Reforma Procesal Laboral abre la puerta a huelgas reguladas en los servicios públicos en el 2016

Ante levantamiento de veto del Presidente y presunta ilegalidad de un decreto que publicará el lunes el Ejecutivo


  • Facebook (Compartir)
  • Tweetea!
  •  
  • Imágenes

La reforma procesal laboral que entrará en vigencia en el 2016 permitirá huelgas en los servicios públicos esenciales de forma regulada.

Bajo la legislación vigente, si bien se llevan a cabo huelgas en estos servicios, jurídicamente están prohibidas y el conflicto entre patronos y trabajadores se debe resolver ante los Tribunales de Trabajo, según el artículo 375 del Código Laboral vigente.

Con la reforma, la puerta para las huelgas legales en los servicios públicos se abre aunque el presidente Luis Guillermo Solís emita un decreto en que se prohíban de forma "absoluta" las huelgas en este tipo de servicios, tal y como anunció que lo haría hoy en conferencia de prensa.
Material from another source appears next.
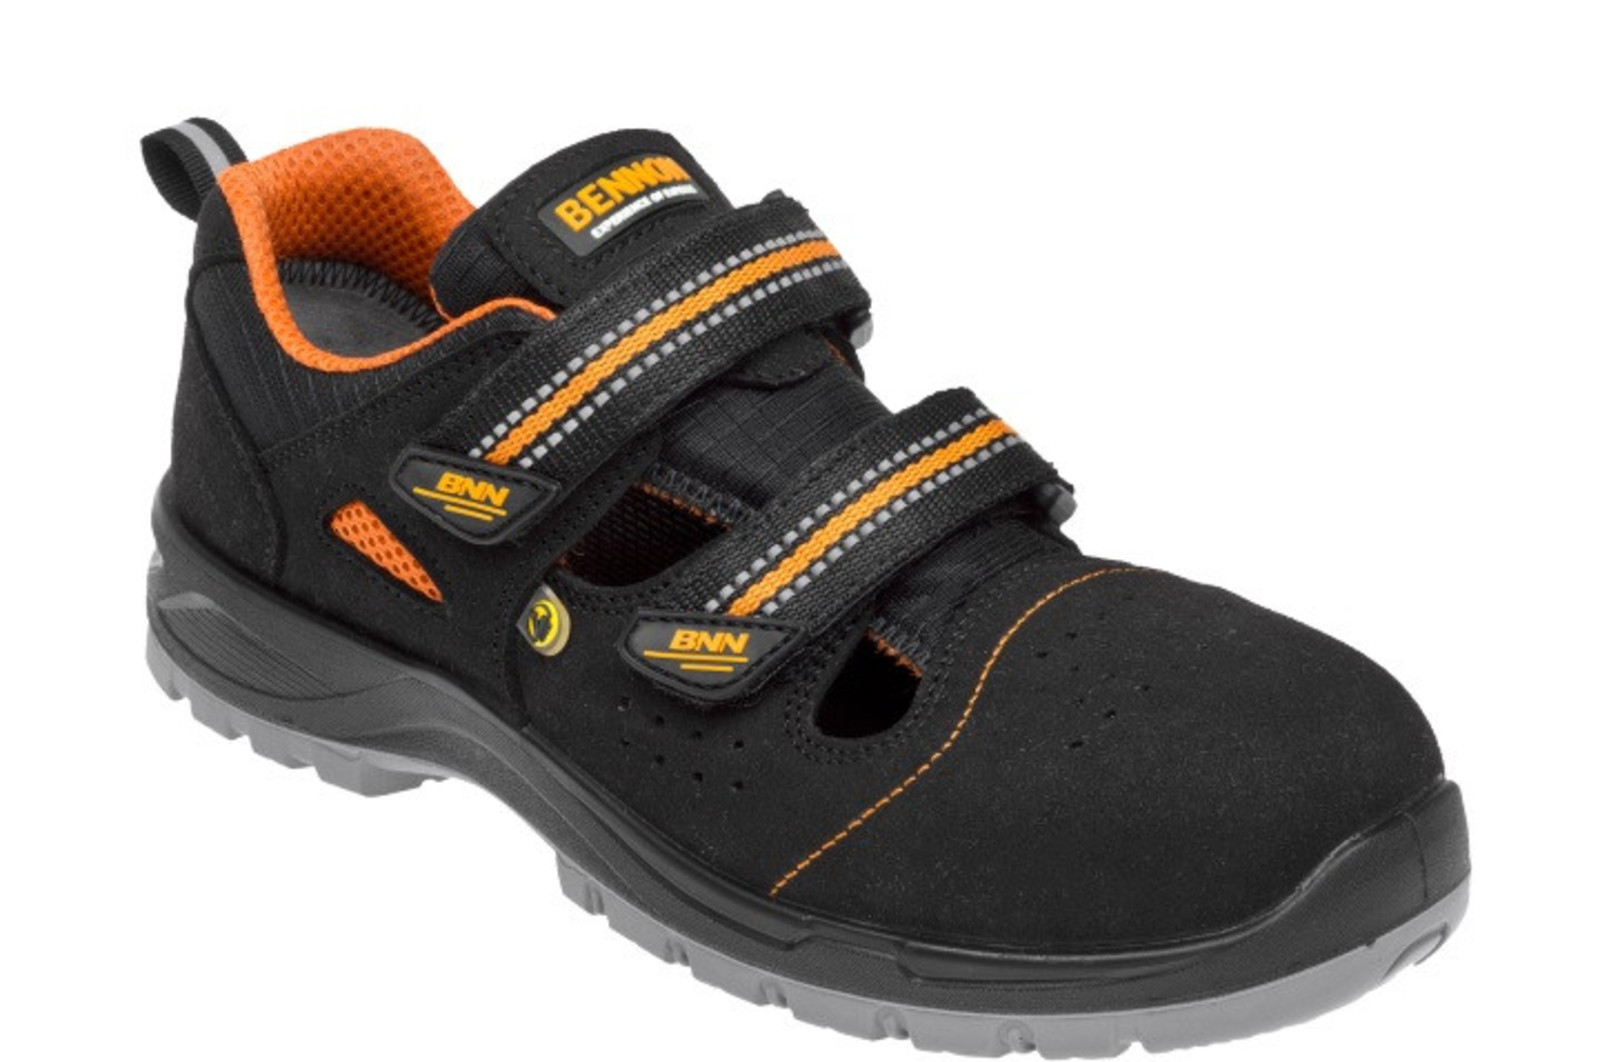 Bezpečnostné sandále Bennon Nux S1P ESD metal free - veľkosť: 38, farba: čierna

Si efectivamente se publicara un decreto que prohibiera por completo las huelgas en los servicios públicos, habría una irregularidad legal, pues un decreto no puede contradecir una norma de superior rando, que en este caso es una ley emitida por la Asamblea Legislativa.

Es decir, no puede quitar el derecho a la huelga concedido por la reforma procesal que hoy el Poder Ejecutivo admitió.

Tanto expertos en derecho laboral y constitucional, como la propia Sala Constitucional establecen que tal decreto sería ilegal.

La reforma es más compleja y aborda más que la resolución de conflictos entre trabajadores y patronos. En este link encontrará lo que usted necesita saber sobre la Reforma Procesal Laboral.

Antes y después de la reforma

El derecho a huelga está regulado por el artículo 61 de la Constitución Política, el cual admite que se legisle con detalle cómo se ejecuta ese derecho.

"Se reconoce el derecho de los patronos al paro y el de los trabajadores a la huelga, salvo en los servicios públicos, de acuerdo con la determinación que de éstos haga la ley y conforme a las regulaciones que la misma establezca, las cuales deberán desautorizar todo acto de coacción o de violencia", dice el artículo de la Carta Magna.

La legislación laboral vigente establece que no "será permitida la huelga en los servicios públicos" (art. 375 del Código de Trabajo), y sostiene que, por tanto, "las diferencias que en éstos ocurran entre patronos y trabajadores, así como en todos los demás casos en que se prohibe la huelga, se someterán obligatoriamente al conocimiento y resolución de los Tribunales de Trabajo".

La legislación que hoy aprueba el Gobierno permitirá en el 2016 las huelgas en los servicios públicos esenciales, pero establece que, pese a ellas, deben prestarse "servicios mínimos", de lo contrario la huelga resultaría ilegal. Además establece otros límites y requerimientos para que tales huelgas se desenvuelvan dentro del marco de la legalidad.

Por ejemplo, la reforma establece que la "no prestación de servicios mínimos,  en el caso de huelgas que impliquen el cese o impidan la continuidad de los servicios públicos esenciales, determinará por sí sola la ilegalidad del movimiento".

La reforma define los servicios públicos esenciales como "aquellos cuya paralización ponga en peligro  los derechos a la vida, la salud y la seguridad pública, el transporte, mientras el viaje no termine, y la carga y descarga en muelles y atracaderos, cuando se trate de bienes de los cuales dependa,  directamente,  la vida o la salud de las personas." (artículo 382 de la Reforma Procesal Laboral).

La normativa impide la huelga a las personas trabajadoras "indispensables para mantener el funcionamiento y la continuidad de  los servicios mínimos".

Cuando se afecte la continuidad de los servicios, la norma considera "indispensable que se acuerde y convoque al menos por una organización sindical con  personalidad jurídica vigente o una coalición de personas trabajadoras  con representantes conocidos, que garantice dichos servicios mínimos durante el tiempo de huelga."